Search code examples
pythonnlpspacy

How can I identify the perpetrator and victim in a sentence using NLP?


I am very new to NLP and am looking for topics to explore that may be able to help me in identifying subjects. Specifically, victim and attacker in the following context:

The UK was attacked by China over several weeks

Over several weeks, China attacked the UK.

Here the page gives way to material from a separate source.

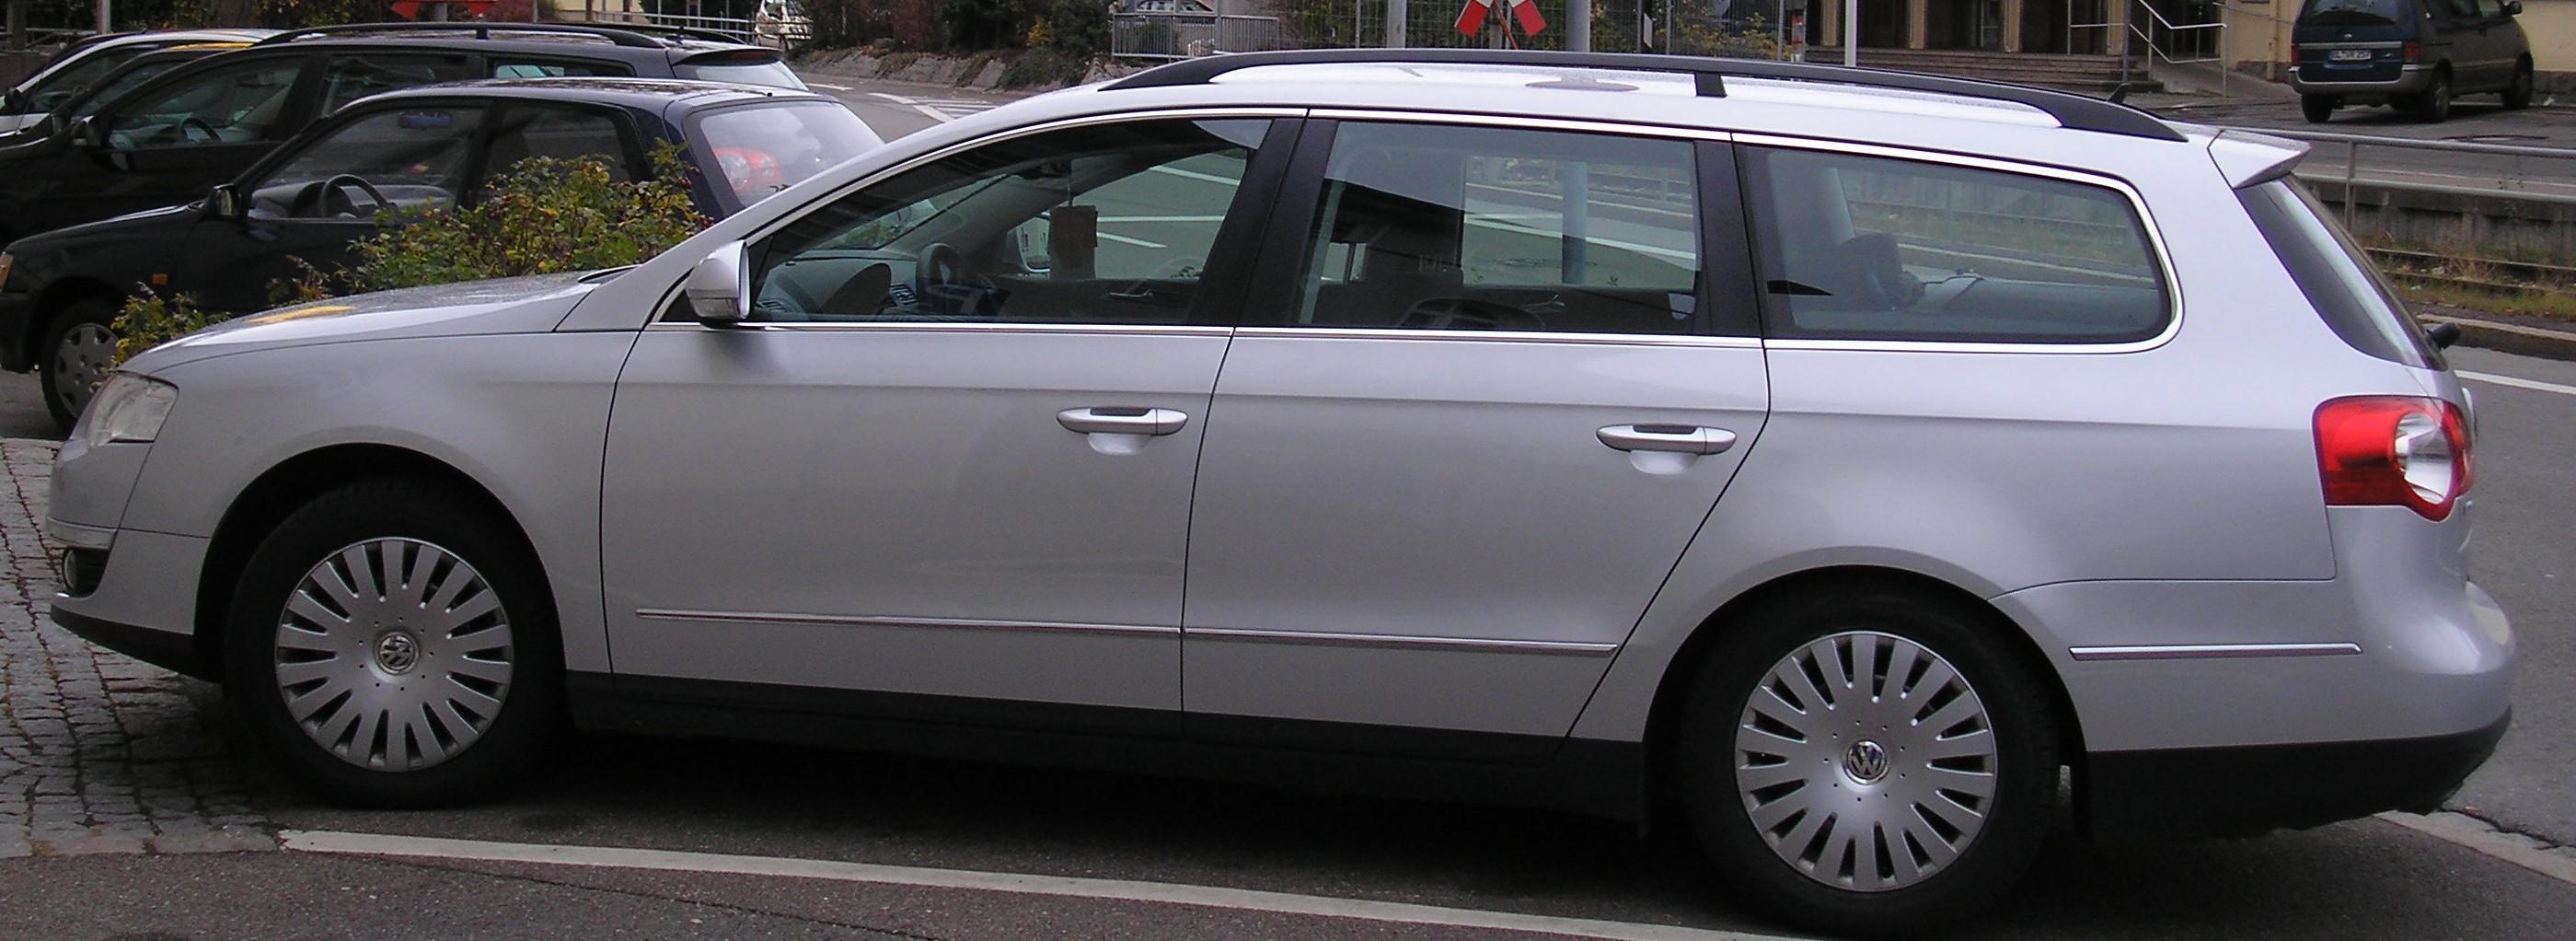 Volkswagen Passat B6 Variant (2005)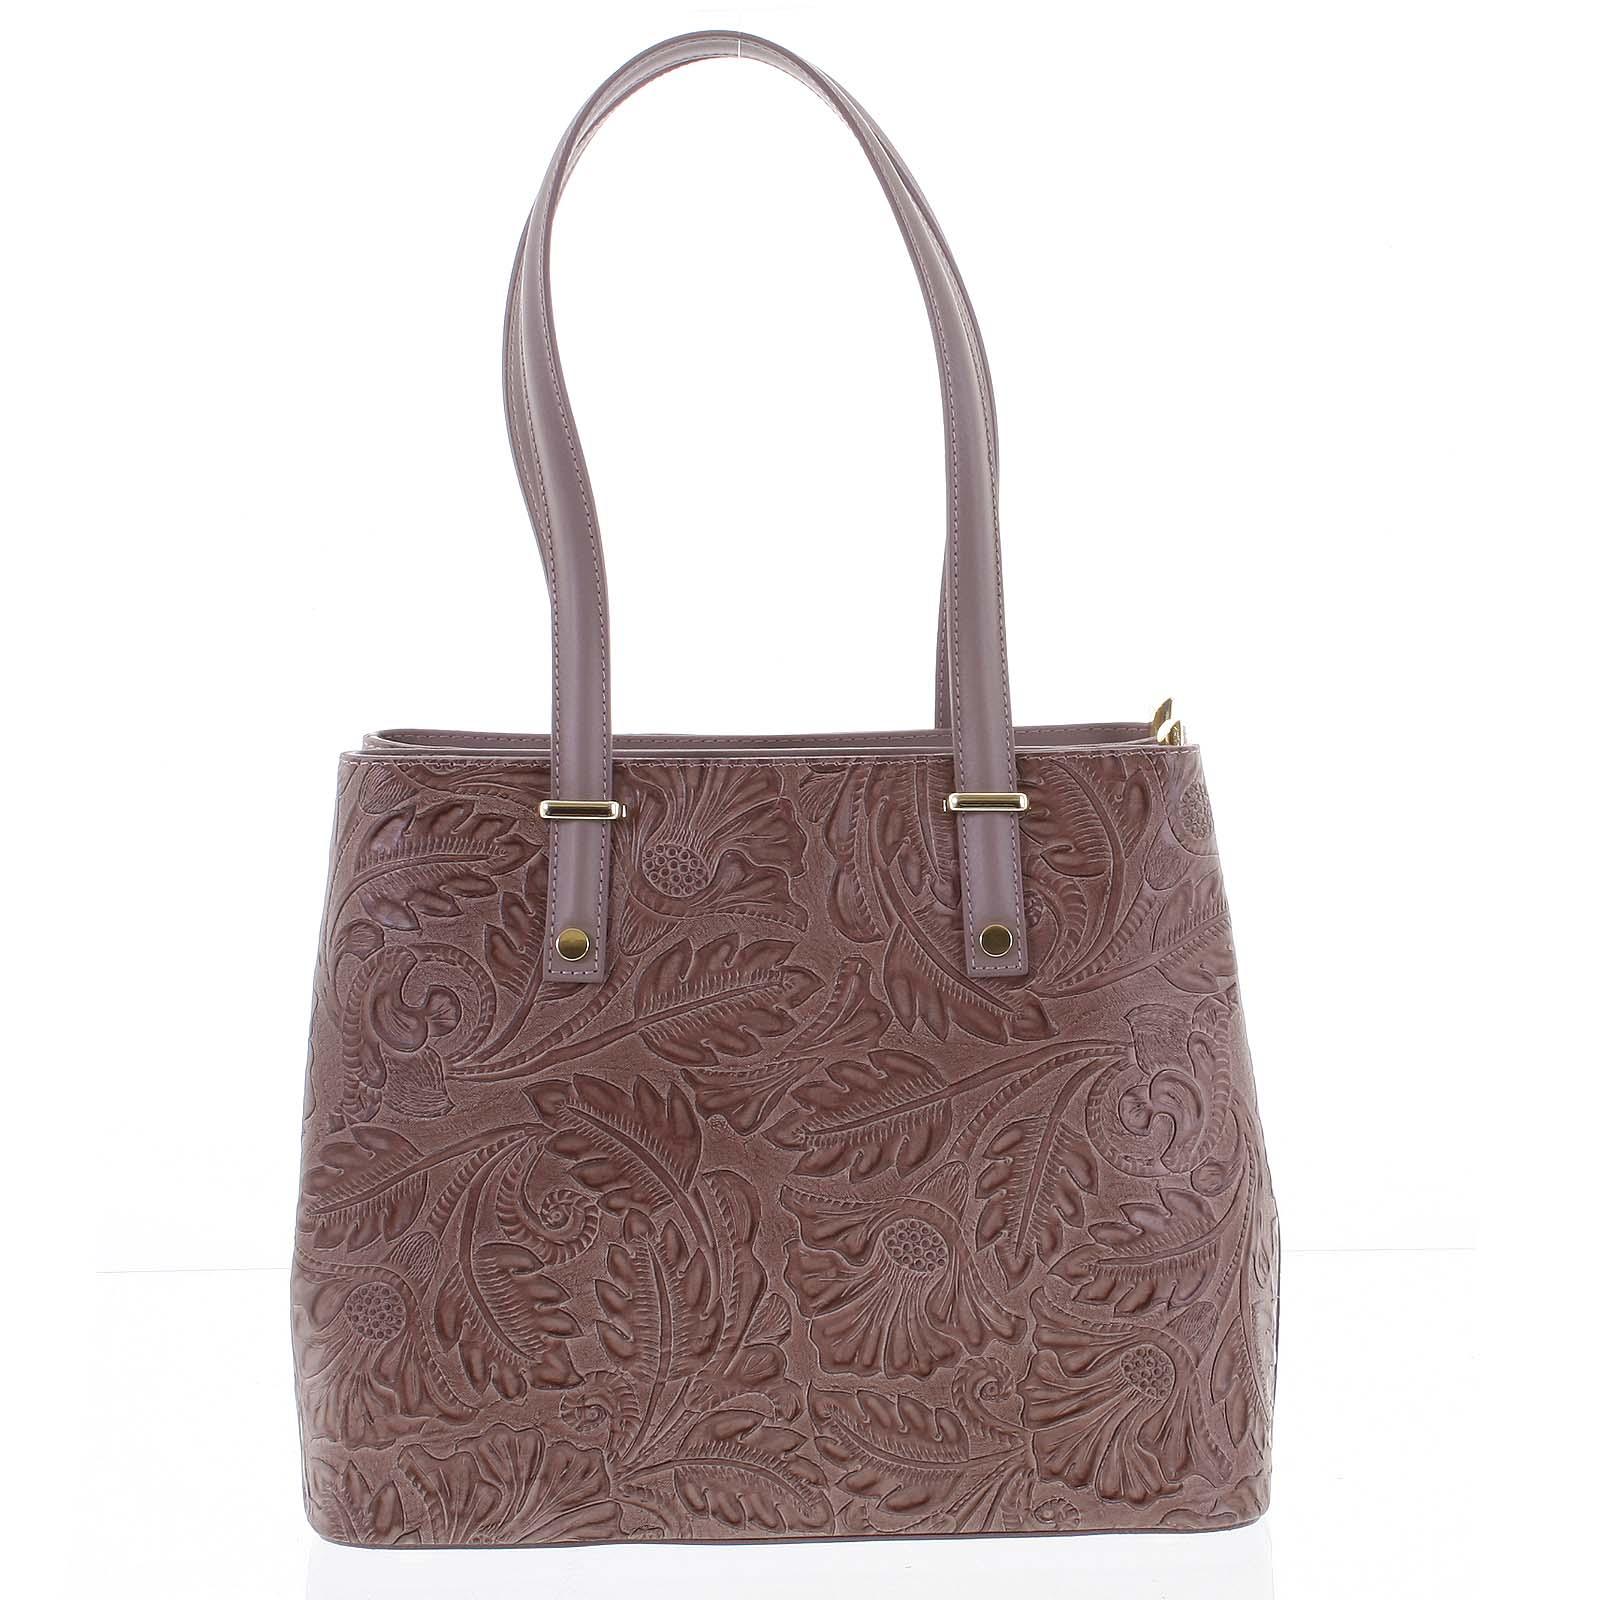 9756a0d7dc Exkluzivní dámská kožená kabelka tmavě růžová - ItalY Logistilla růžová. 1

Using SpaCy, I have identified the subjects, but they change depending on their position:

nlp = spacy.load("en_core_web_sm")
doc1 = nlp("China attacked the UK over several weeks")
doc2 = nlp("The UK was attacked by China over several weeks")
docs = [doc1, doc2]
for doc in docs:
  print("============")
  for chunk in doc.noun_chunks:
    print(chunk.text, chunk.root.text, chunk.root.dep_,
            chunk.root.head.text)

Output:

============
China China nsubj attacked
the UK UK dobj attacked
several weeks weeks pobj over
============
The UK UK nsubjpass attacked
China China pobj by
several weeks weeks pobj over

Any help and direction would be greatly appreciated.


Solution

  • This is called Semantic Role Labelling and it is hard. In spaCy our general recommendation is that you don't model it as NER, but instead use generic NER labels like PERSON (or GPE here) and the dependency parse to see how far you can get before considering other approaches.

    See section 10 in chapter 4 of the spaCy course for a very specific overview of this problem.

    For an overview of the research on the topic I recommend Jurafsky & Martin's book.